Although gold was used as the material of No. 3, it is possible to use even a metal that has a low resistance but cannot be plated and is difficult to etch if it can be formed by the lift-off method.

In the first or second embodiment,
Since the metal layers 7, 12, 13 to be laminated generally have poor heat resistance, the annealing for activation is performed by the metal layers 7, 12,
It is better to go before 13 is laminated.

[0027]

As described above, according to the semiconductor device and the method for manufacturing the semiconductor device of the present invention, it is possible to obtain a semiconductor device having a gate with a low resistance even if it is miniaturized without causing characteristic abnormality due to misalignment. .

[Brief description of drawings]

FIG. 1 is a manufacturing step sectional view of a first embodiment of a method of manufacturing a semiconductor device according to the present invention.

FIG. 2 is a sectional view of a manufacturing process of the second embodiment of the method of manufacturing a semiconductor device according to the present invention.

FIG. 3 is a sectional view of a conventional semiconductor device manufacturing process.

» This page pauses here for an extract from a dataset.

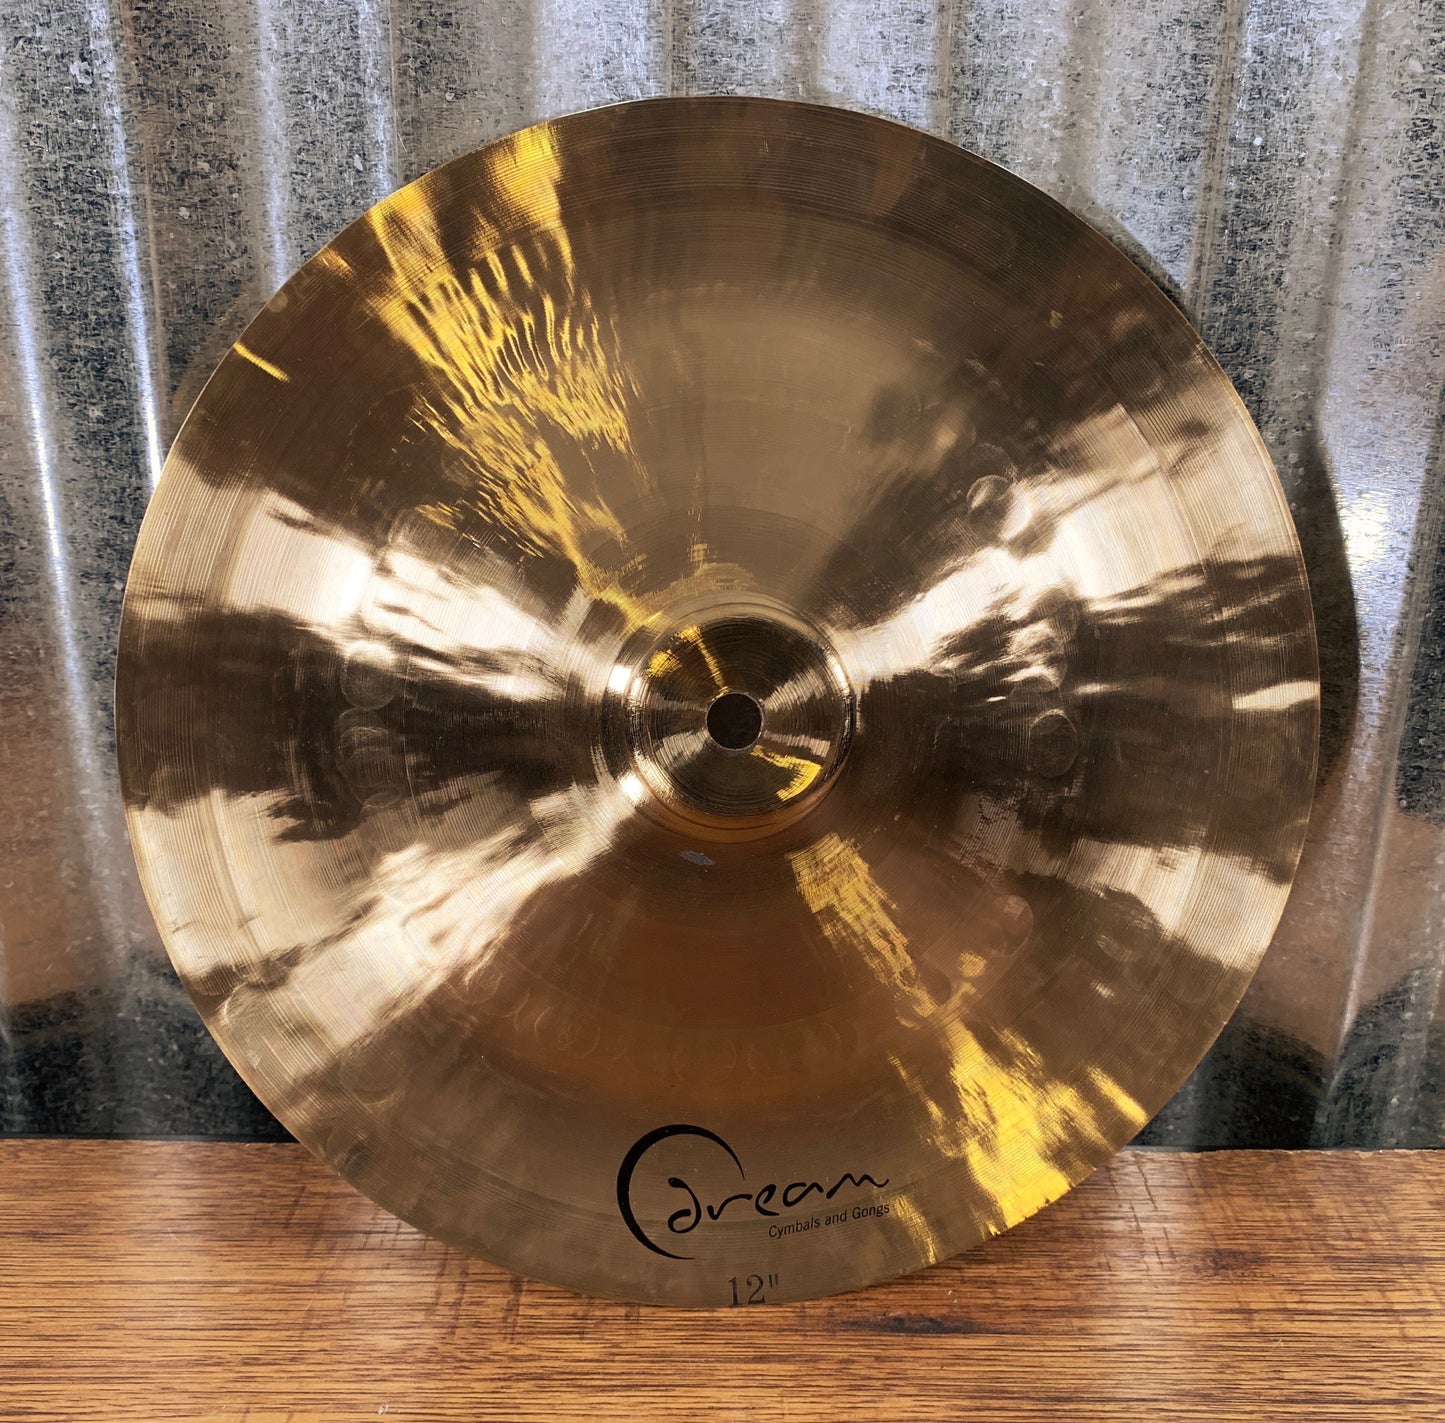 Dream Cymbals CH12 Hand Forged & Hammered 12" China Cymbal

FIG. 4 is an explanatory diagram illustrating a problem of a conventional method for manufacturing a semiconductor device.

[Explanation of symbols]

 1 Semiconductor Substrate 2 Channel Layer 3a Low Concentration Impurity Region 3b High Concentration Impurity Region 5 Gate Electrode (Stem) 6 Sidewall Insulation Film 7 Base Electrode Film (Metal Film) 10 Resist Pattern 11 Resist Pattern 12 Metal Layer 13 Metal Layer 13a Excess metal layer 14 Metal film (capsule) 21 Semiconductor substrate 22 Channel layer 23a Low concentration impurity layer 23b High concentration impurity layer 25 Gate electrode 27 Base electrode film 30 Resist pattern 32 Metal layer

─────────────────────────────────────────────────── ─── Continuation of the front page (51) Int.Cl. ⁶ Identification code Office reference number FI technical display location H01L 29/772

Claims (3)

[Claims] 1. A semiconductor substrate, a conductive film formed on a surface of the semiconductor substrate, a sidewall insulating film formed on a sidewall portion of the conductive film, and a semiconductor film of the semiconductor substrate sandwiching the conductive film from both sides. A semiconductor device comprising: an impurity region formed in a surface region; and a film made of a noble metal material extending over the conductive film and at least a partial region of the sidewall insulating film. 2. The impurity region includes a first impurity region formed in the conductive film in a self-aligned manner and a second impurity region formed in the sidewall insulating film in a self-aligned manner. The semiconductor device according to claim 1. 3. A step of forming a conductive film on a surface of a semiconductor substrate, a step of forming a sidewall insulating film on a sidewall portion of the conductive film, and a plating method or a lift-off method on the conductive film and the sidewall conductive film. And a step of forming a film made of a noble metal material that extends on the film.